In 2014, Canada and the United States signed an inter-governmental agreement known as the Foreign Account Tax Compliance Act (FATCA). This Act requires Canadian financial institutions, SCU included, to identify and report U.S. members to the Canada Revenue Agency (CRA).
The Common Reporting Standard (CRS) is an international reporting standard for automatic exchange of financial account information between tax administrations. As of July 2017, Canadian financial institutions, SCU included, must identify accounts held by members who are tax residents in countries other than Canada or the U.S. and report this information to the CRA.
For more information please visit:
- CRA: www.cra-arc.gc.ca/tx/nnrsdnts/nhncdrprtng/menu-eng.html
- IRS: www.irs.gov/Businesses/Corporations/foreign-account-tax-compliance-act-FATCA
We diligently review FATCA and CRS regulations to ensure we are reporting accurately, while maintaining our high privacy standards.
How does this affect me?
All members of SCU are required to complete a self-declaration to confirm their country of tax residence. This includes providing all required information, such as foreign tax identification numbers.
Members must also inform SCU of any changes of circumstance, as a new tax declaration may be required. Members must advise of the change and complete a new form within 90 days. Failure to complete a new declaration may result in a member’s account becoming reportable.

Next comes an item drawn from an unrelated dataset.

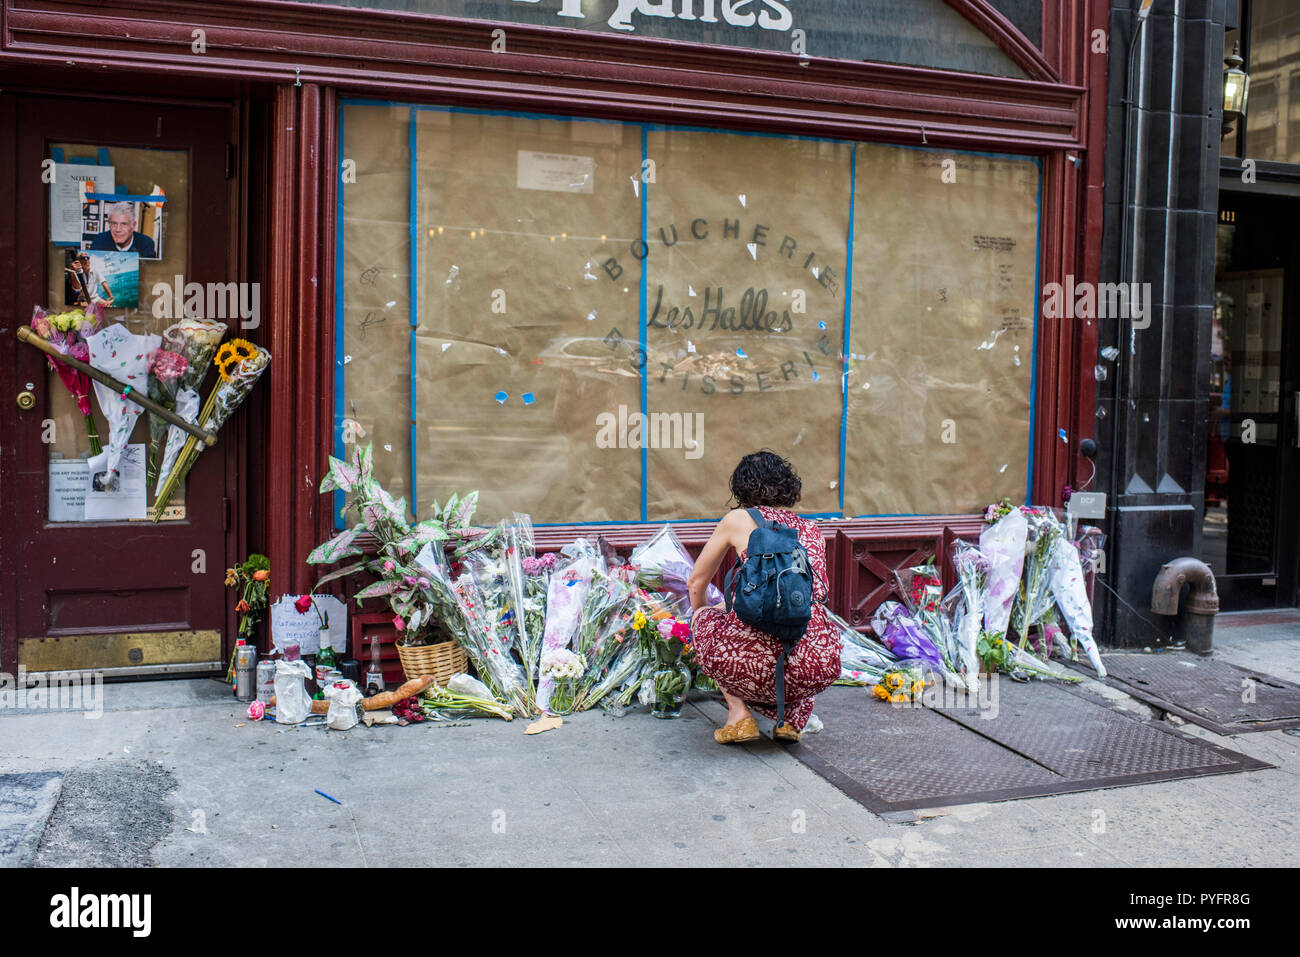 La Ciudad de Nueva York, EE.UU. - Junio 14, 2018: Los fans de Anthony Bourdain dejar flores y mensajes en la parte delantera de la Brasserie Les Halles de recuerdo, Park Avenue South Foto de stock

What happens if I refuse to provide the requested information?
CRA imposes strict penalties on financial institutions that do not obtain self-declarations for their members. This is why it is mandatory for all members to complete this documentation to hold accounts with SCU.
CRA also imposes penalties to members for failing to provide required information in relation to their circumstances. Failure to provide a foreign tax identification number from a jurisdiction that provides these carries a penalty of $500 (CRS). Failure to provide a U.S. tax number carries a penalty of $100 (FATCA).
I am not a U.S. or international person. What do these laws mean for me?
We are required to have all members, Canadians included, declare their tax residency and provide supporting documentation when opening a membership.
If you have an existing account and there is an indication that you may be either a U.S. or international person, we may ask you to complete a form declaring your tax residency and provide additional documentation or information to support
I am not a U.S. person but I have an account in U.S. Dollars. Does this mean my accounts will be reported to the CRA?
No, the currency of an account has no impact on whether or not it is treated as a reportable account.
Whom should I contact with more questions?
You may want to consult with your personal tax advisor or visit the CRA or IRS websites for more information.
Reportable accounts are individual and entity accounts held by:
- Persons with U.S. or international tax residency
- Entities with tax residency outside of Canada
- Canadian entities with controlling persons that have U.S. or international tax residency. Additional circumstances may also apply as reportable accounts.
We may request that existing members complete a form declaring their tax residency, based on certain criteria, or when a member has a change in circumstances. We will then review the information you provide against the applicable requirements to determine if your accounts are reportable.
In addition, please note that businesses with passive income will be required to complete tax residency for controlling persons.
- Identifying information for the account holder (name and address)
- Taxpayer identification numbers
- Date of birth (for CRS)
- Account number
- Account balance or value at year-end
- Interest paid to the account
All information listed is subject to change without notice and is not binding on decisions made by SCU.